The NALA phase 3 trial, which studied neratinib for HER2-positive metastatic breast cancer, found a 2.2 month advantage for neratinib over lapatinib for PFS. The study also found a lower incidence of brain metastases in patients receiving neratinib.
Margetuximab is also a much-talked-about developmental treatment with positive study results thus far. It is a HER2-targeted monoclonal antibody with an Fc domain engineered to have greater binding to immune cells. The SOPHIA phase 3 trial compared patients on margituximab plus chemotherapy with patients on the standard-of-care trastuzumab plus chemotherapy, and found a 1-month gain in PFS for patients on margetximab.
Finally, Modi said, there are exciting combinations for refractory breast cancer for which HER2 is not the target, because preclinical data suggest cross-talk between HER2 pathways and cyclin-dependent kinase 4/6 signaling. Ongoing studies in this field include the PATRICIA phase 2 trial and the PATINA phase 3 trial, both of which are randomized.

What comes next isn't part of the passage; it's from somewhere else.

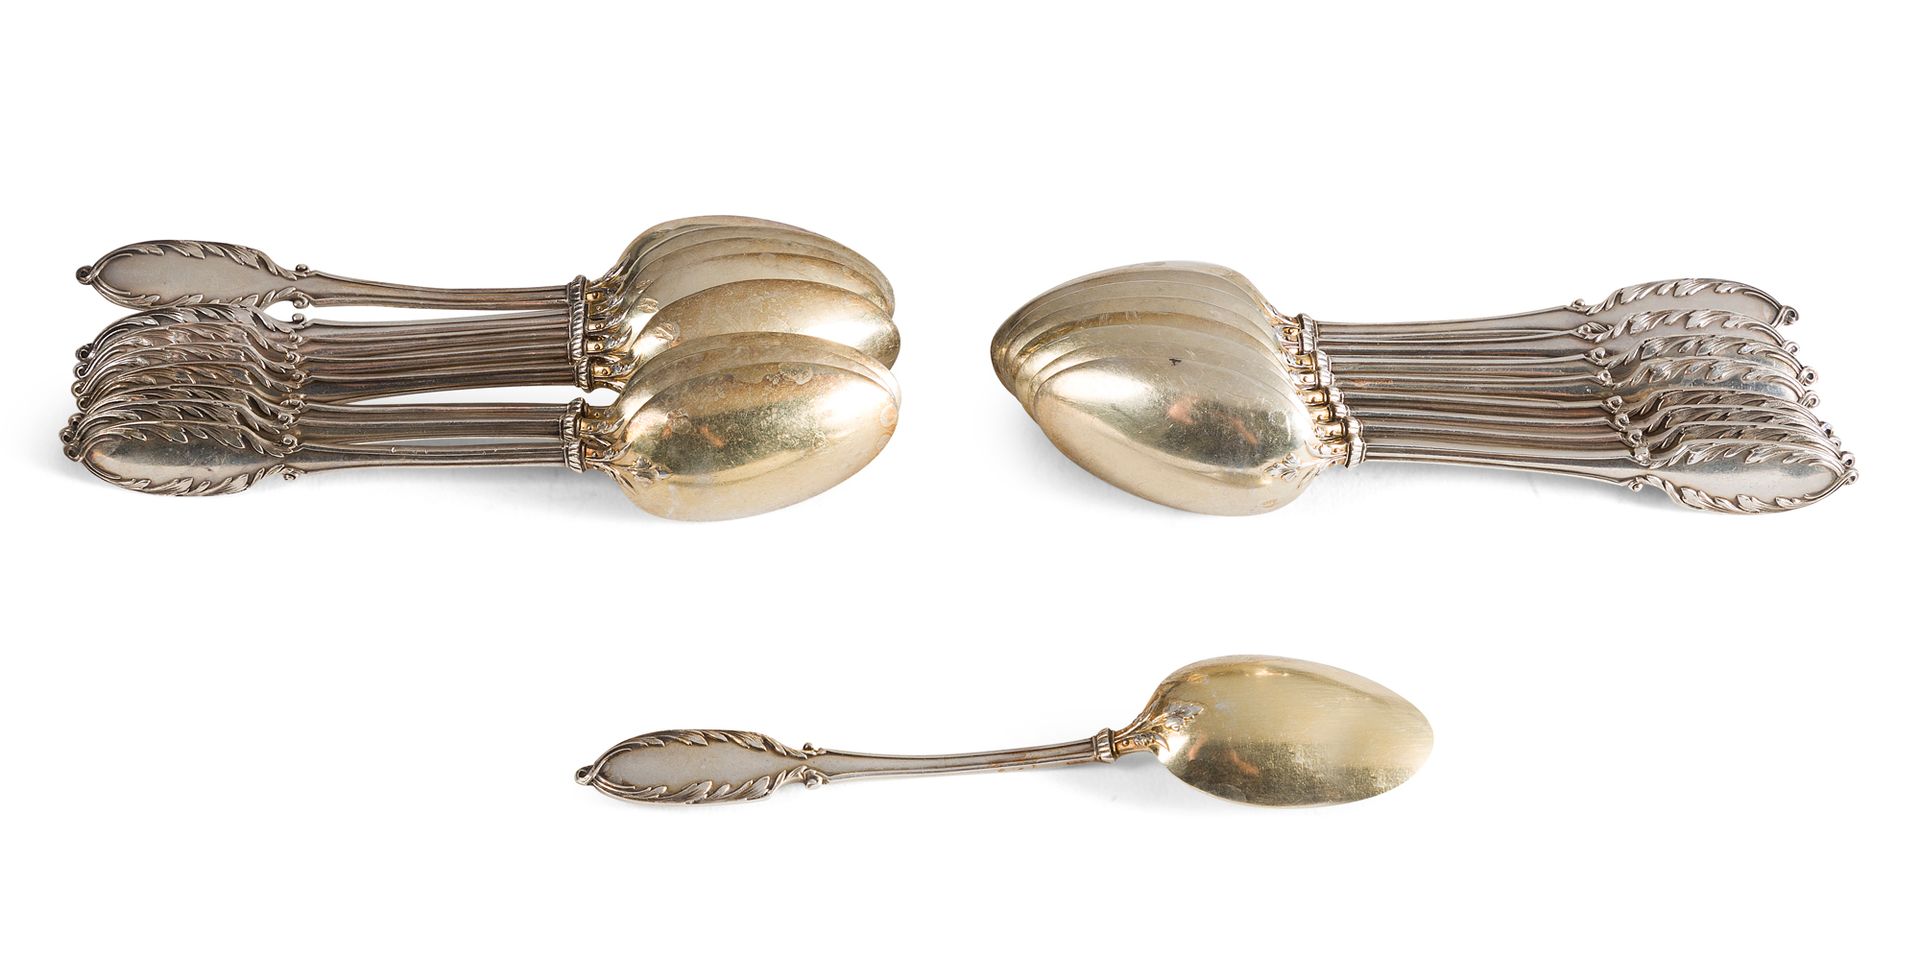 Null 17个银质和银质镀金摩卡勺子（Minerve第一标题），铲子上装饰有风格化的树叶

重量：349克

Modi concluded that, in her opinion, it is possible to get a greater benefit out of targeting HER2.
"In the near future, we should expect to see some very new and exciting options to offer our patients," Modi said. "There are, however, differences in the magnitudes of effects and in which patients benefit, and I think these will be the criteria we will use and will influence our decisions in this space."
REFERENCE
Modi, S. Frontiers in HER2-positive Breast Cancer. Presented at: 2019 San Antonio Breast Cancer Symposium; San Antonio, TX: December 11, 2019.